4-Benzyl-1-phenyl-1,4-diazaspiro[5.5]undecane-3,5-dione (6n). Yield: 80%; colourless viscous oil; IR (KBr, ν, cm⁻¹) absence of NH band at 3100 and exhibited bands at 1725, 1678 (imide carbonyls), 634, 582; ¹H-NMR (CDCl₃) δ ppm 1.48–1.97 (m, 10H, 5 × CH₂, cyclohexyl), 4.11 (s, 2H, O=C-CH₂-N), 5.03 (s, 2H, CH₂-C₆H₅), 6.86 (s, 2H, CH_ar.), 6.86–7.13 (m, 5H, CH_ar.), 7.38–7.39 (m, 5H, CH_ar.); ¹³C-NMR (CDCl₃) δ ppm 20.53, 25.63, 31.57 (5 × CH₂, cyclohexyl)), 42.66, 55.37 (CH₂-C₆H₅, O=C-CH₂-N), 60.71 (Cq), 125.84, 127.08, 128.52, 129.17, 129.31, 129.76 (CH_ar.), 136.94, 148.06 (2 × C_ar.), 170.94, 176.42 (2 × C=O); MS (EI) m/z (%): 348.2 ([M]⁺, 100), 186.2 (70), 91.1 (58); Anal. Calcd. for C₂₂H₂₄N₂O₂ (348.44): C, 75.83%; H, 6.94%; N, 8.04%. Found: C, 75.78%; H, 6.88%; N, 8.27%.

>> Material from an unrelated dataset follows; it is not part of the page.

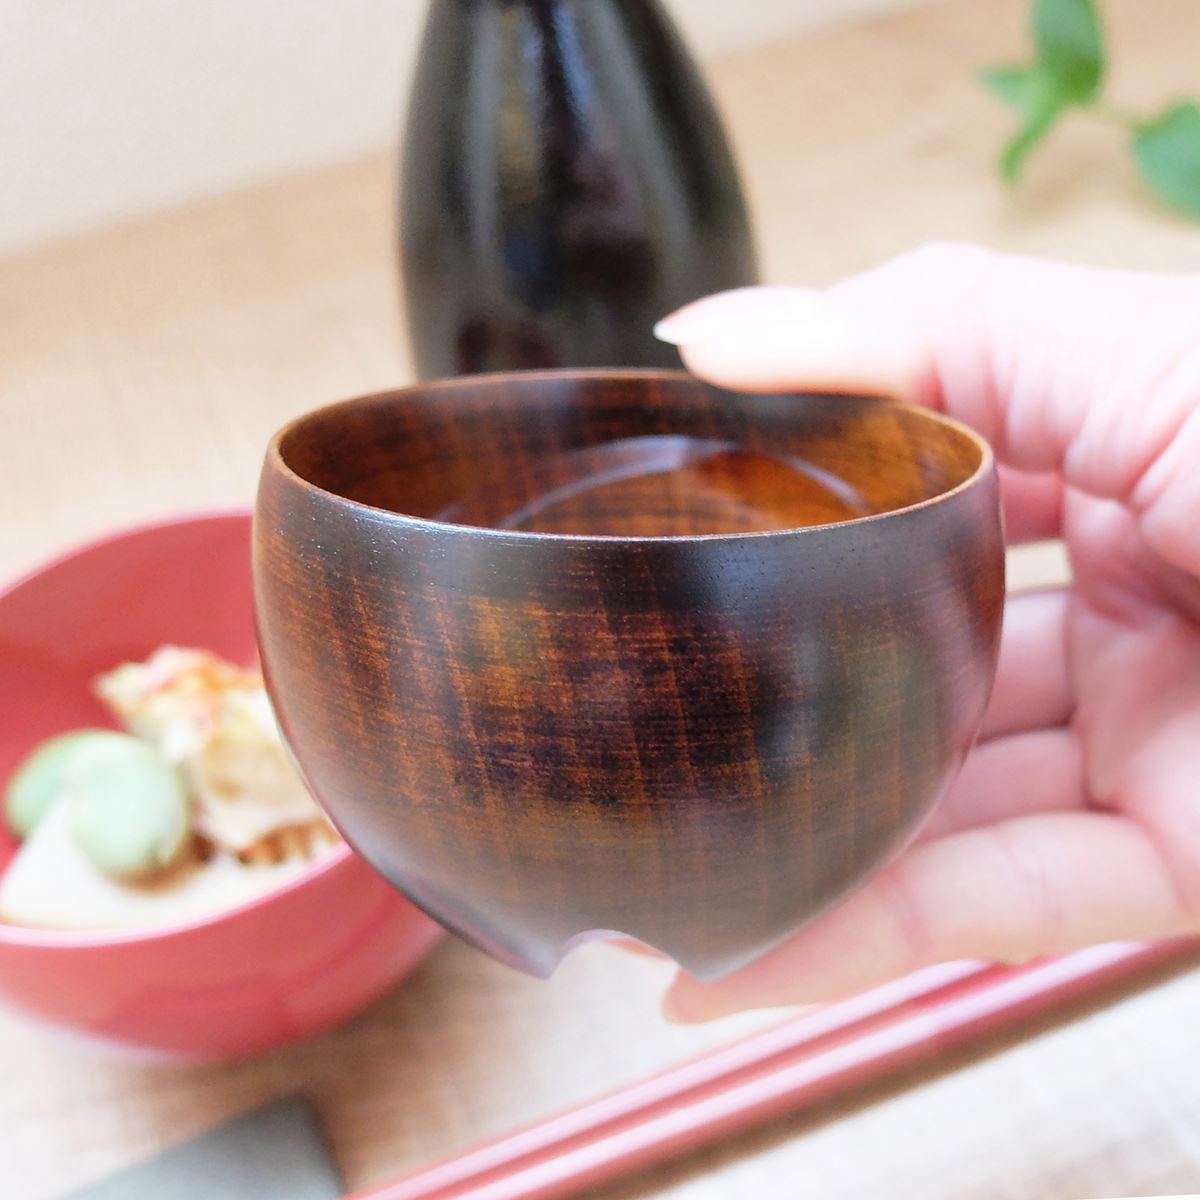 RAKUZEN 倒れても起き上がる漆塗りのぐいのみ らく杯〔直径70mm×高さ50mm 〕

4-Phenethyl-1-phenyl-1,4-diazaspiro[5.5]undecane-3,5-dione (6o). Yield: 64.5%; buff solid, m.p. 138 °C; IR (KBr, ν, cm⁻¹) absence of NH band at 3100 and exhibited bands at 1720, 1681 (imide carbonyls), 592, 555; ¹H-NMR (CDCl₃) δ ppm 1.48–1.96 (m, 10H, 5 × CH₂, cyclohexyl), 2.87 (t, 2H, J = 7.6 Hz, CH₂-C₆H₅), 4.08 (s, 2H, CH₂CH₂-C₆H₅), 4.12 (s, 2H, O=C-CH₂-N), 6.99–7.00 (m, 2H, H_ar.), 7.23–7.29 (m, 8H, H_ar.); ¹³C-NMR (CDCl₃) δ ppm 20.57, 25.63, 31.56 (5 × CH₂, cyclohexyl), 34.12, 40.61 (CH₂-C₆H₅, CH₂-CH₂-C₆H₅), 55.36 (O=C-CH₂-N), 60.48 (Cq), 125.78, 126.61, 126.92, 128.56, 129.12, 129.40 (CH_ar.), 138.39, 148.20 (2 × C_ar.), 170.74, 176.56 (2 × C=O); MS (EI) m/z (%): 362.2 ([M]⁺, 100), 243.1 (90), 186.1 (70), 91.1 (48); Anal. Calcd. for C₂₃H₂₆N₂O₂ (362.46): C, 76.21%; H, 7.23%; N, 7.73%. Found: C, 76.41%; H, 7.42%; N, 7.91%.

Methyl 2-(3,5-dioxo-1-(4-methylphenyl)-1,4-diazaspiro[5.5]undecan-4-yl)acetate (6p). Yield: 75%; white solid, m.p. 156–158 °C; IR (KBr, ν, cm⁻¹) absence of NH band at 3100 and exhibited bands at 1752 (carbonyl ester), 1726, 1675 (imide carbonyls), 619, 523; ¹H-NMR (CDCl₃) δ ppm 1.49–1.98 (m, 10H, 5 × CH₂, cyclohexyl), 2.28 (s, 3H, CH₃), 3.77 (s, 3H, COOCH₃), 3.79 (s, 2H, O=C-CH₂-N), 4.58 (s, 2H, CH₂-COOCH₃), 7.07 (s, 4H, H_ar.); ¹³C-NMR (CDCl₃) δ ppm 20.94, 21.15, 31.53 (5 × CH₂, cyclohexyl), 24.35 (CH₃), 40.19 (CH₂-COOCH₃), 52.48, 54.98 (O=C-CH₂-N, CH₂COOCH₃), 60.79 (Cq), 127.08, 129.99 (CH_ar.), 135.81, 145.32 (2 × C_ar.), 168.48, 170.64, 176.30 (3 × C=O); MS (EI) m/z (%): 344.2 ([M]⁺, 50), 200.1 (100), 105(37), 91.1(29); Anal. Calcd. for C₁₉H₂₄N₂O₄ (344.4): C, 66.26%; H, 7.02%; N, 8.13%. Found: C, 66.17%; H, 7.25%; N, 8.31%.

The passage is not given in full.